In other words, linear and logistic regression and especially neural networks (used for deep learning) are not for the faint of heart. Amazon ML picks the algorithm for the user. Data scientists are used to being able to do that and to modifying the parameters for said model. Amazon would say users do not need to do that, as their algorithms will do what the data scientist does, which is to change the parameters automatically to reduce the error rate (i.e., the difference between predicted and observed values) to their lowest value.
The Amazon Machine Learning and Analytics Console
When you log into the Amazon AWS console it presents this list of items. You can pick from these and add them to your account. But be careful as the meter starts running when you do that.
The Machine Learning tools at the top are mainly geared toward voice, image, and text analysis, except for the Machine Learning model. (We already wrote about how to use Google Natural Language API here.)

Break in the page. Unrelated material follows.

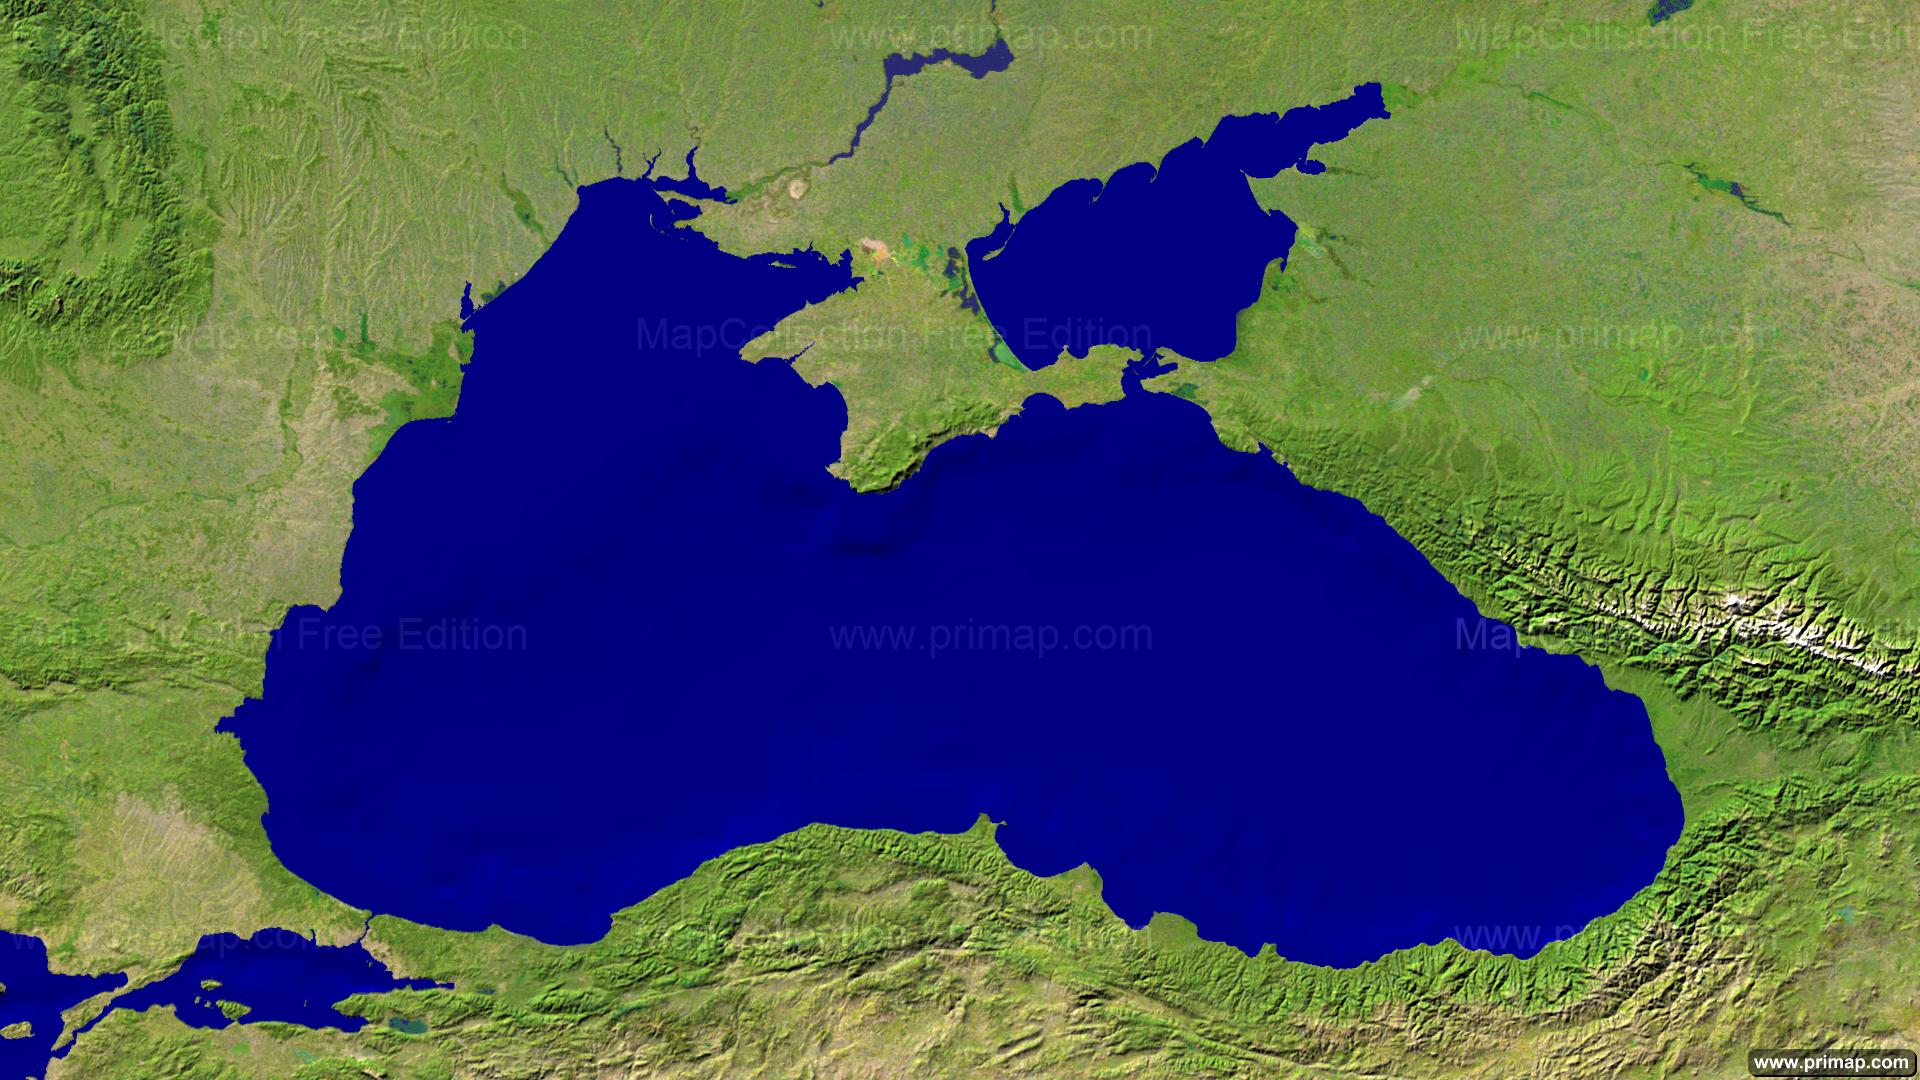 primap Marine charts on

Voice and image recognition is not really a business application. It is a service that you can program yourself using neural networks and train that with publicly downloadable free datasets or pay Amazon to use their cloud. But most people doing analytics in their daily jobs are not going to be interested in creating their own Apple Siri or other voice recognition type system.

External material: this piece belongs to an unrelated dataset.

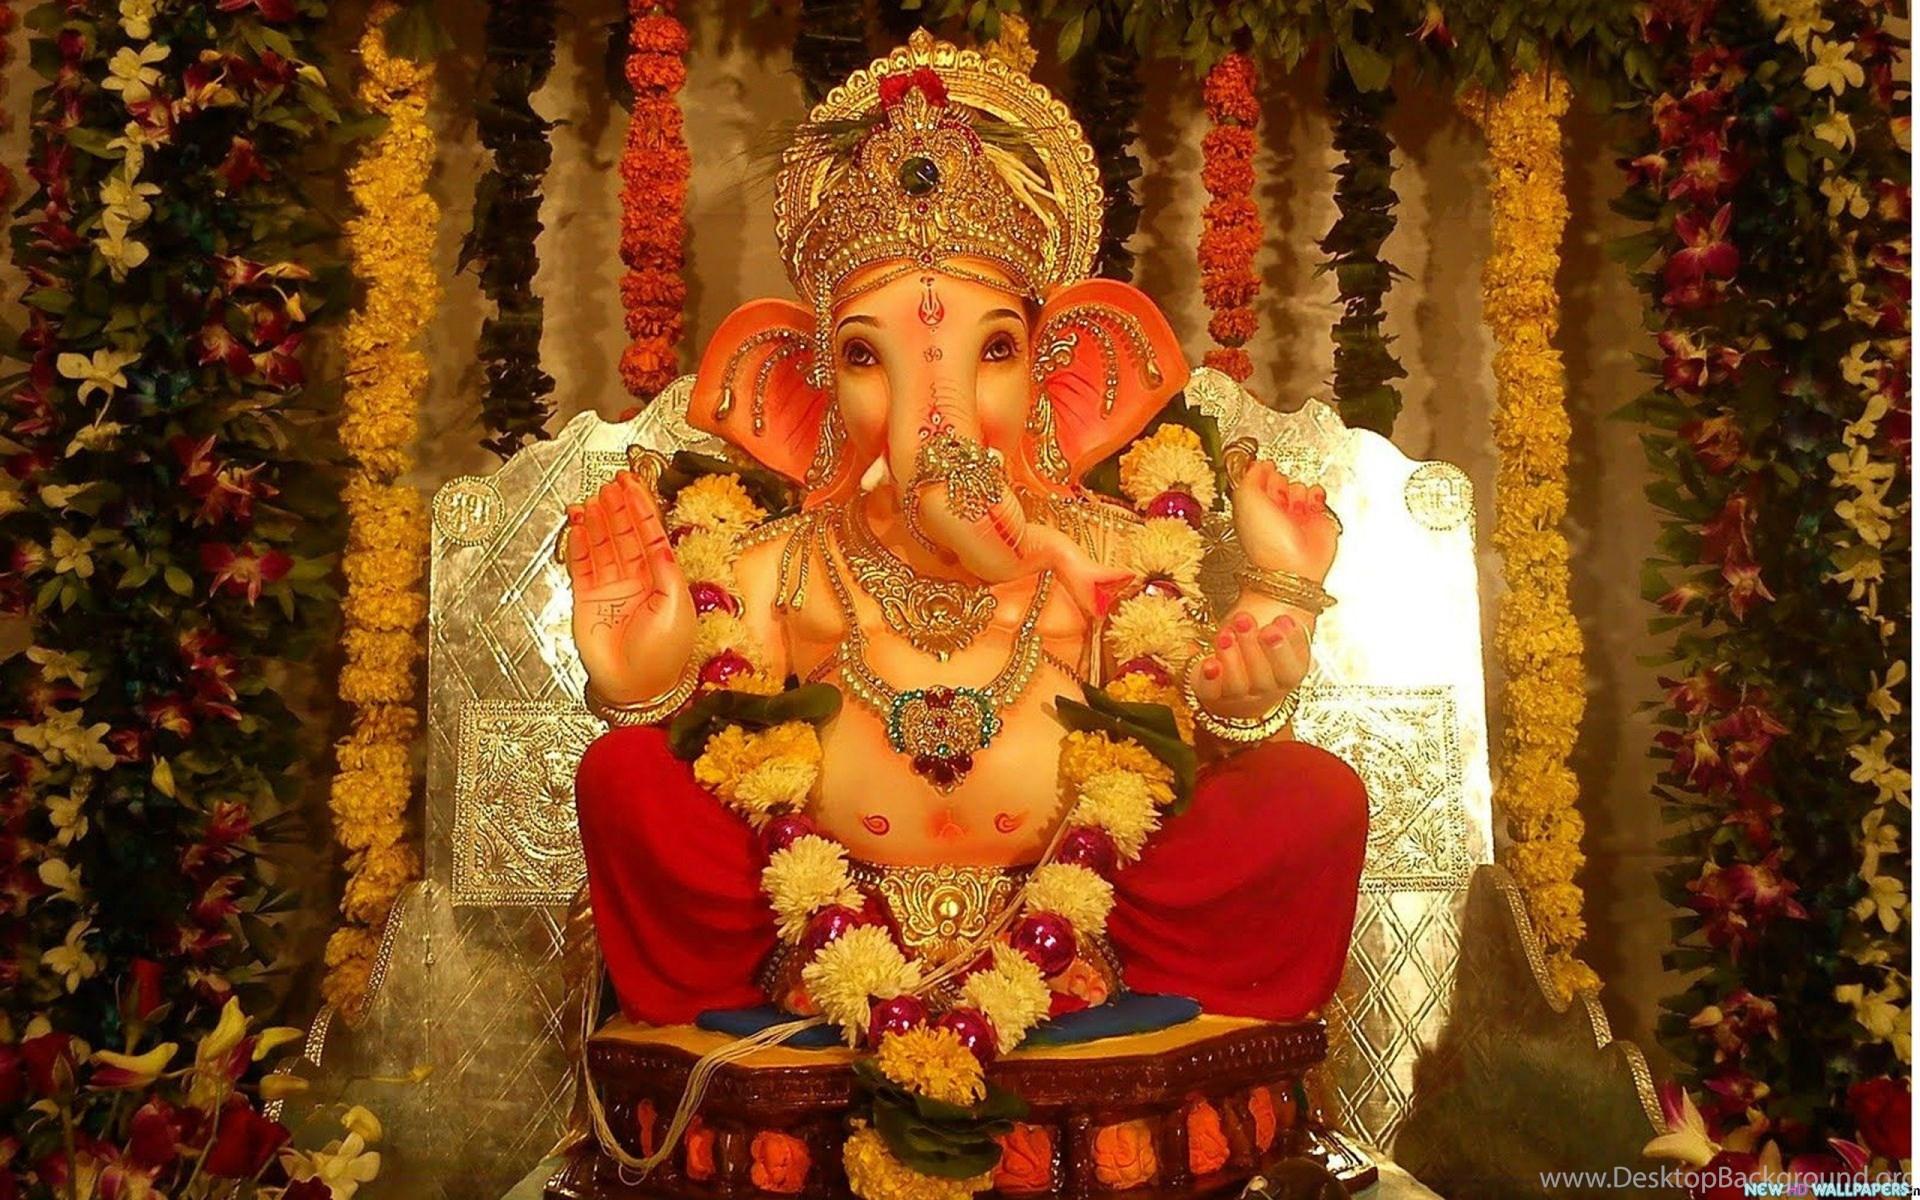 Latest Lord Ganesha HD Wallpapers High Quality Photos Free Desktop

Instead they are more like to benefit from less esoteric tools like Athena or QuickSight. QuickSight, in fact, is so easy the end user could use it. So you could set that up and let your end users play with it, thus freeing up your data science resources, somewhat.

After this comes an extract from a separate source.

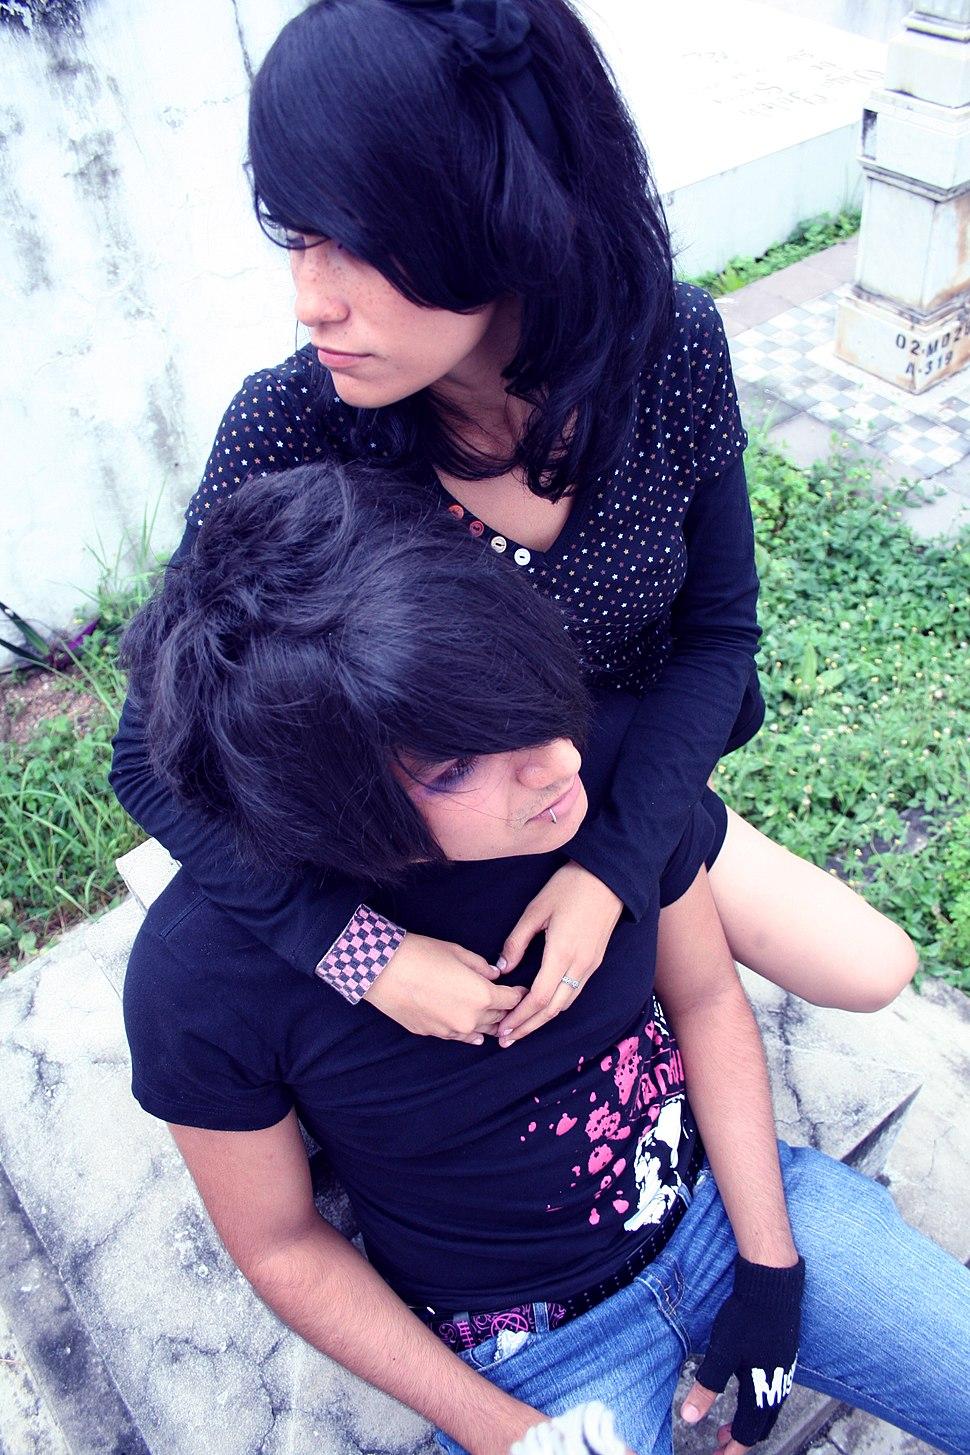 Emo boy 02 with Girl

Athena lets you wrap a schema around any data in Amazon S3 (i.e., one of their cloud storage products) and then run queries against that.
So let’s look at a couple of these products briefly to see which might be of use to you.
First, a word. Anyone who uses Amazon EC2 knows that subscription fees can mount quickly. Amazon says that for most of the products listed on the AWS management console there are no up-front fees and you pay as you go. But note that the tutorials are not including in the free tier pricing, so watch your subscription fees. (You can create billing alerts on your Amazon account. So here would be a good place to stop and do that.)
Amazon Product | Overview |
---|---|
Machine Learning | ML does what a Python or Scala programmer using Spark or similar language and platform would do using Spark ML, TensorFlow, or other API. To use it, the user uploads data to Amazon S3 or Redshift. Then Amazon splits that into testing (30%) and training (70%) data sets. Then it builds predictive models and shows the results without requiring coding. But you do need to write a program to put your data into a format that ML can understand. In other to use the Amazon ML models you create what data science programmers would call a feature-label matrix. You do this by putting some feature that you want to predict (i.e., the dependent variable) and labels (i.e., independent variables) into a file. In other words, you might assume that sales are a function of price, time of year, advertising budget etc. Then Amazon ML will pick the best model to run predictions or your sales given the price, time of the year, advertising budget, etc. Best means the model that produces the most accurate results. To put that into data science terms, it will run logistic or linear regression against the data. But it does this automatically without you having to write any code. |
Athena | This lets you wrap a schema around data loaded into Amazon S3 and run queries against it. |
Elasticsearch Service | This is really just a cloud way of running ElasticSearch. So it is infrastructure and not a product. You would probably spend less money by installing your own system as all you need are virtual machines. Beside you will have to configure logstash and filebeats and the other connectors yourself and connect those to your applications and infrastructure systems, like web servers, application servers, firewall logs, and security detection tools. ElasticSearch is usually called ELK, for ElasticSearch, Kibana, and LogStash, as these 3 products are designed to work together. They are the most popular tool for gathering log data across an enterprise. |
SageMaker | SageMaker uses notebooks. iPython (now called Jupyter) and Zeppelin are notebooks that data scientist have long used. These are interactive web pages where you can write Scala or Python or other code to query Spark and other data stores. Then you can hide that code and publish it is live web pages that your users can view. |
DeepLens | Is an actual physical video camera and cloud service to do image recognition. Connects to SageMaker and other Amazon tools like Amazon Kinesis Video Streams. |